--- Data shown Enclosed Below ---

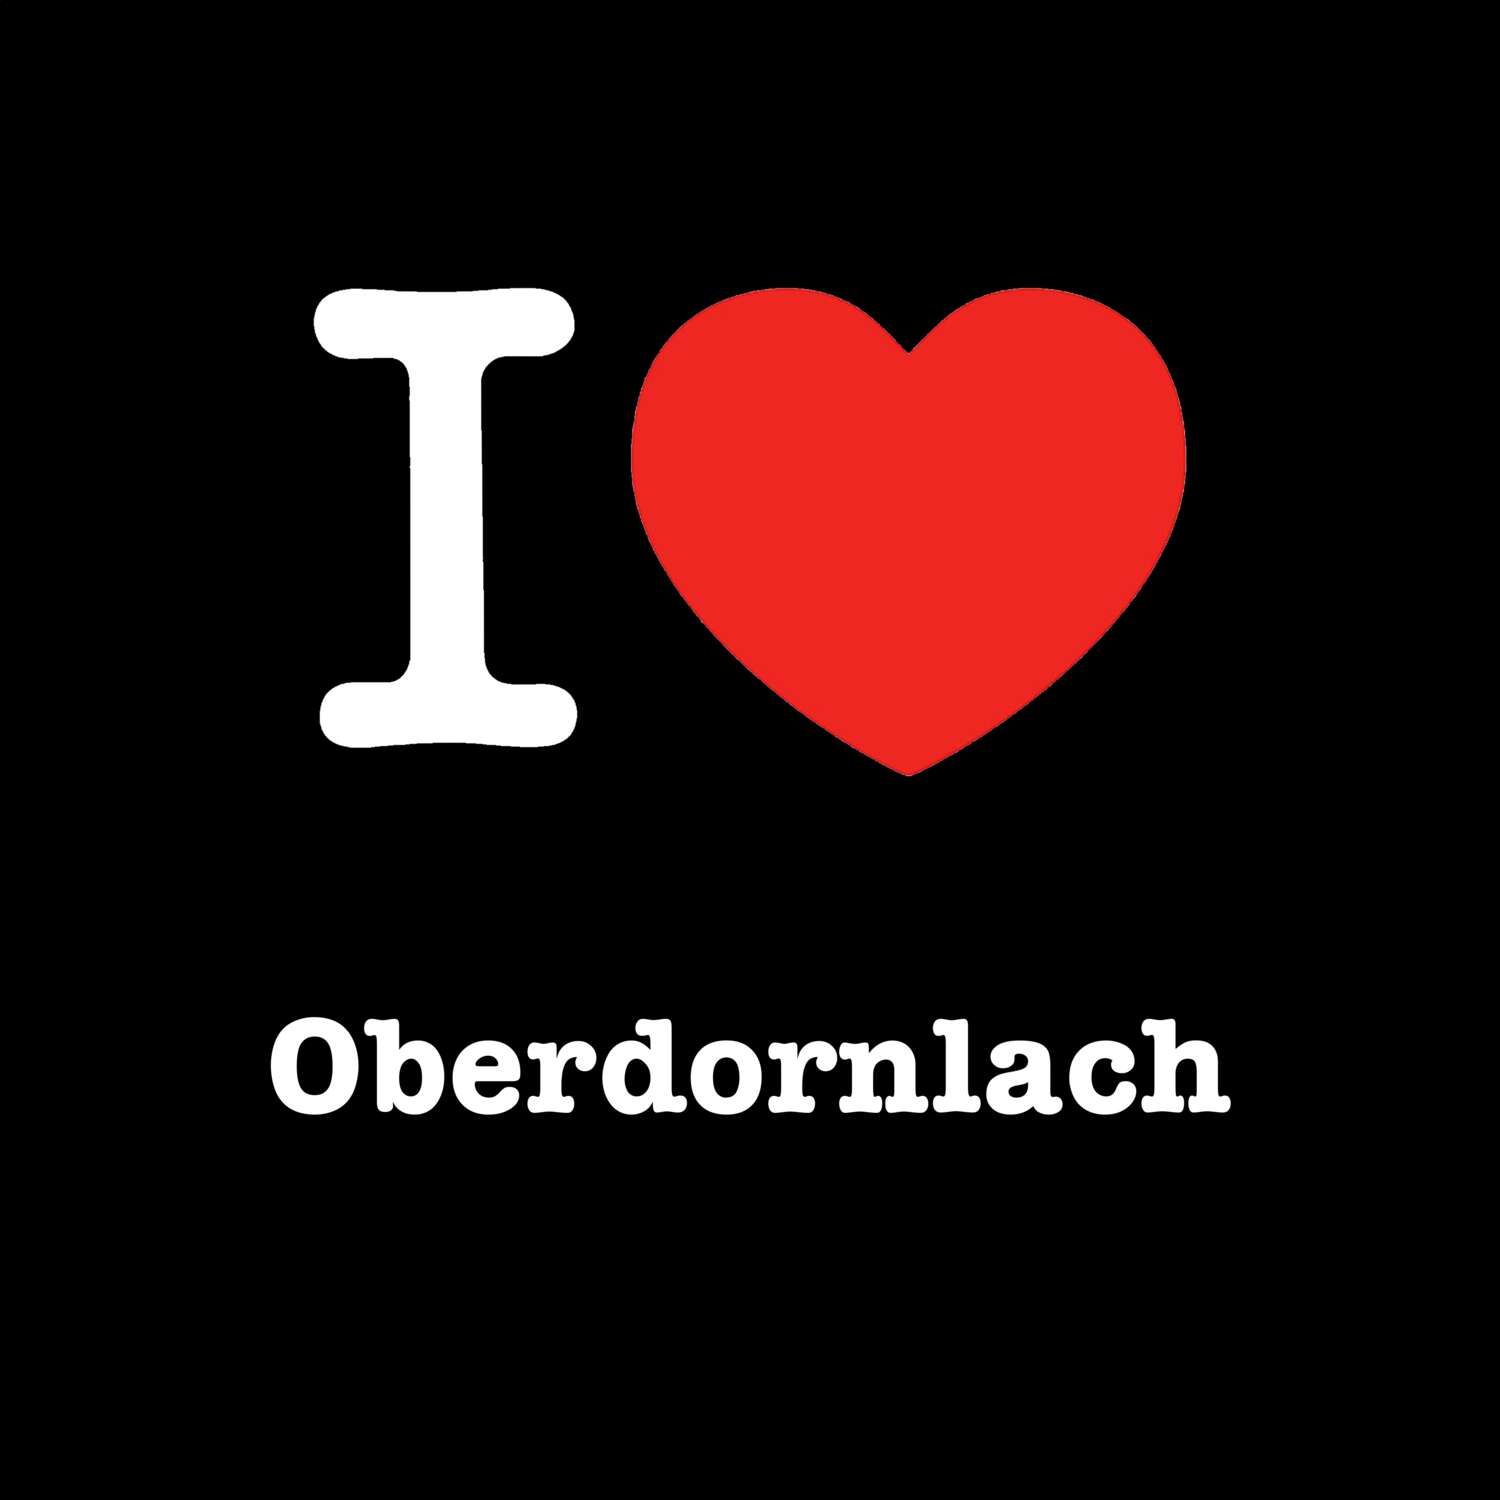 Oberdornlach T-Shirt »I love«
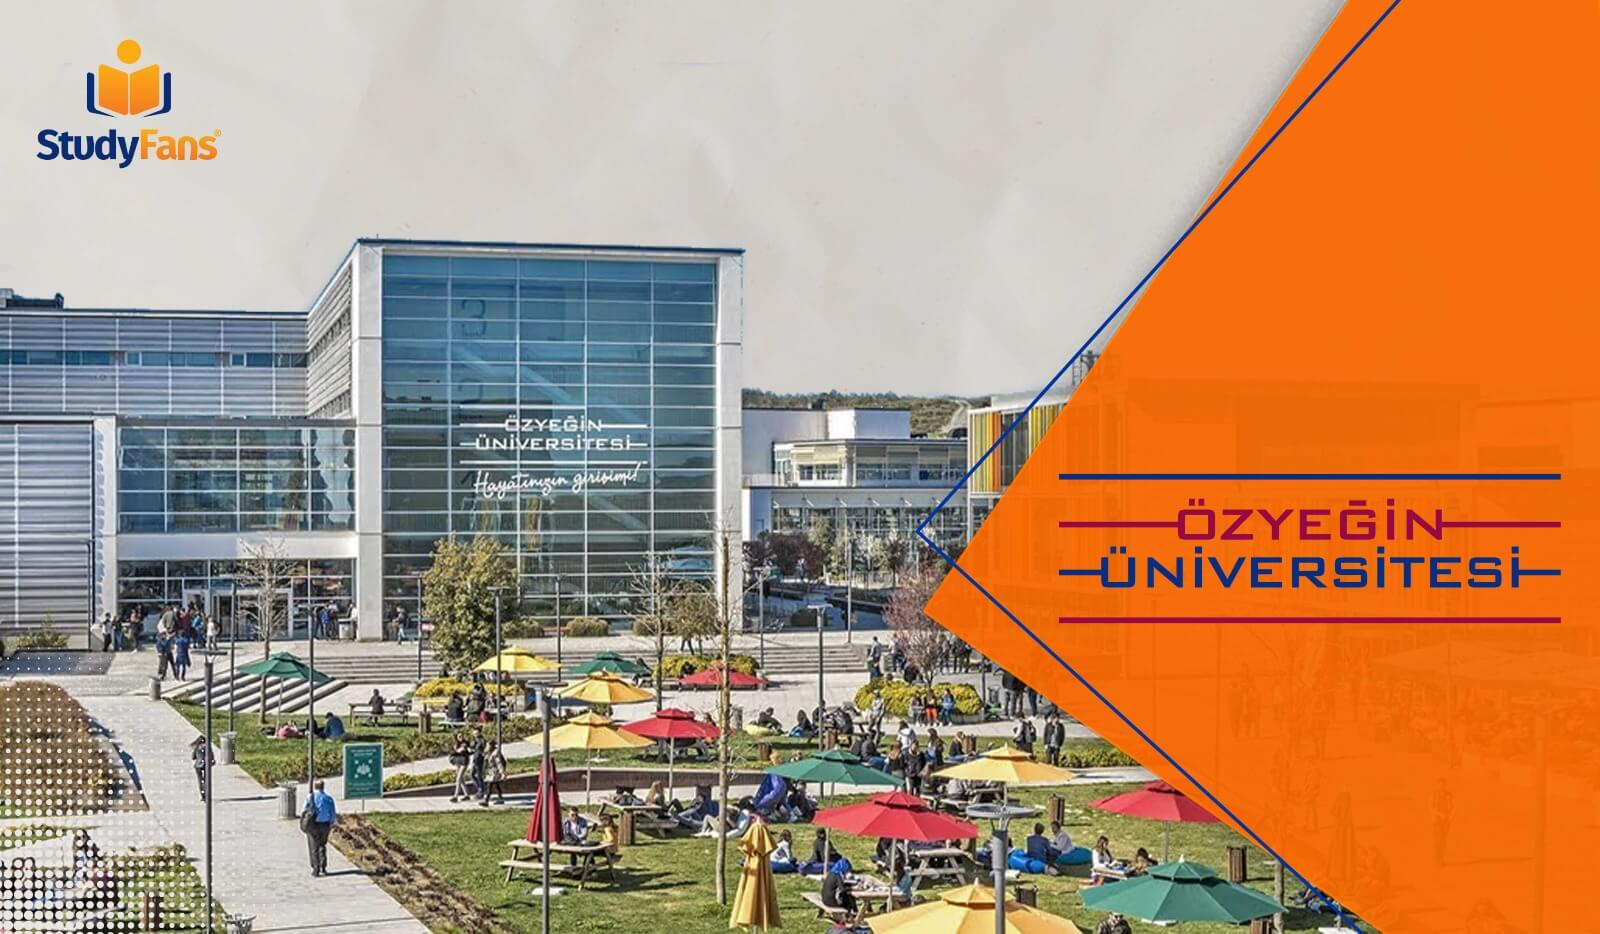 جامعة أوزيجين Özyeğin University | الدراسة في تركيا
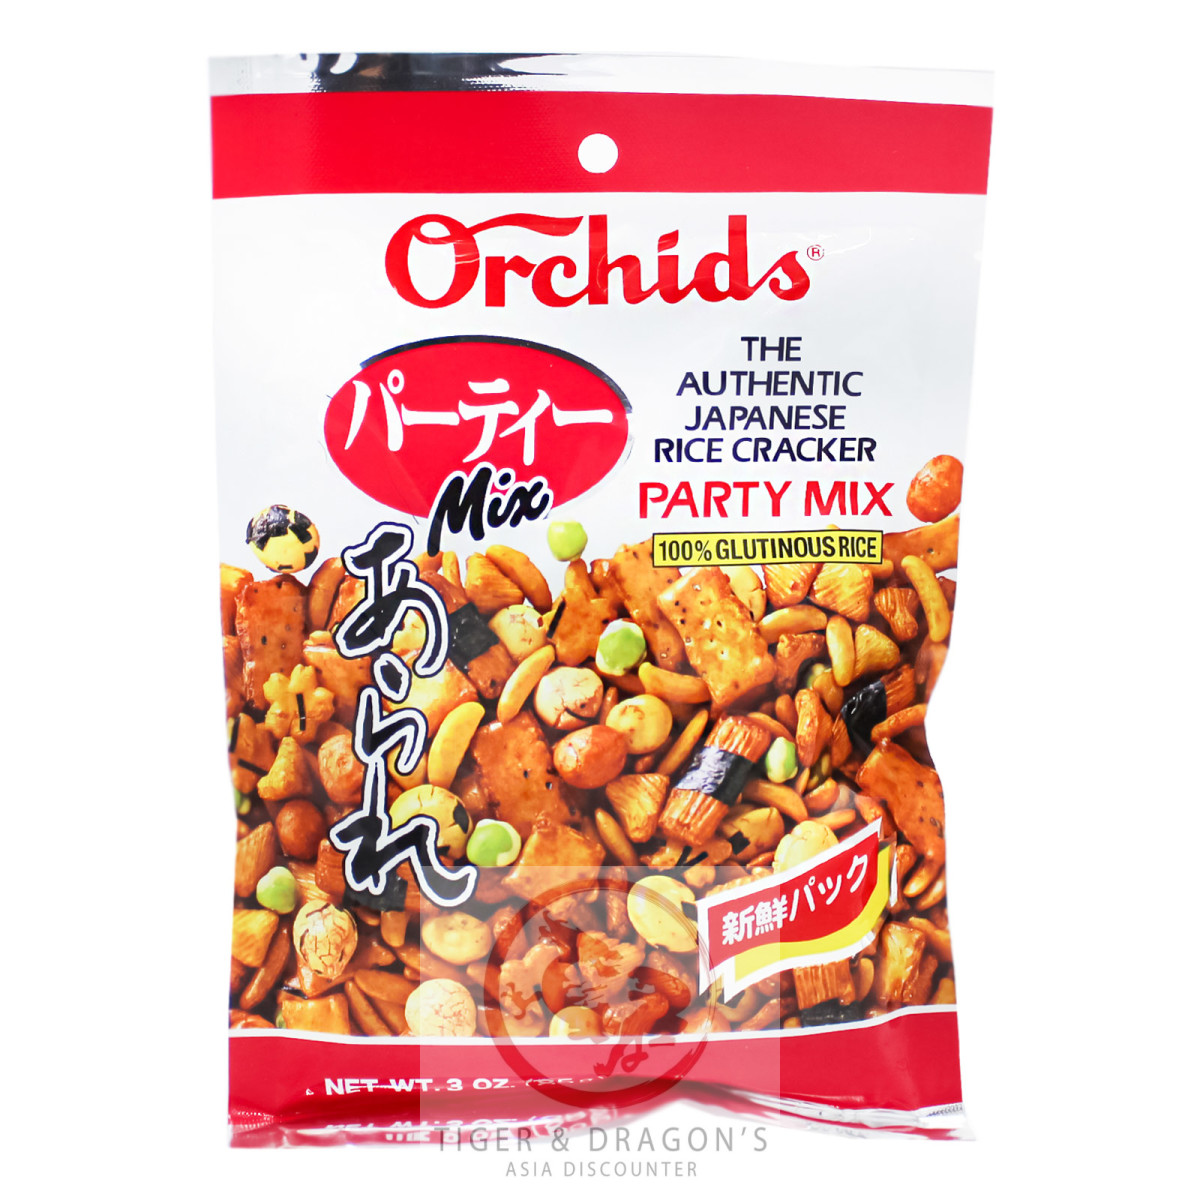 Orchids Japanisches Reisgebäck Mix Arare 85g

--- End of Enclosed Data shown ---

Work instruction: Only the pictures are to be left out; the rest of the material above should be printed verbatim.

Solution to the exercise:
 Oberdornlach T-Shirt »I love«
 جامعة أوزيجين Özyeğin University | الدراسة في تركيا
 Orchids Japanisches Reisgebäck Mix Arare 85g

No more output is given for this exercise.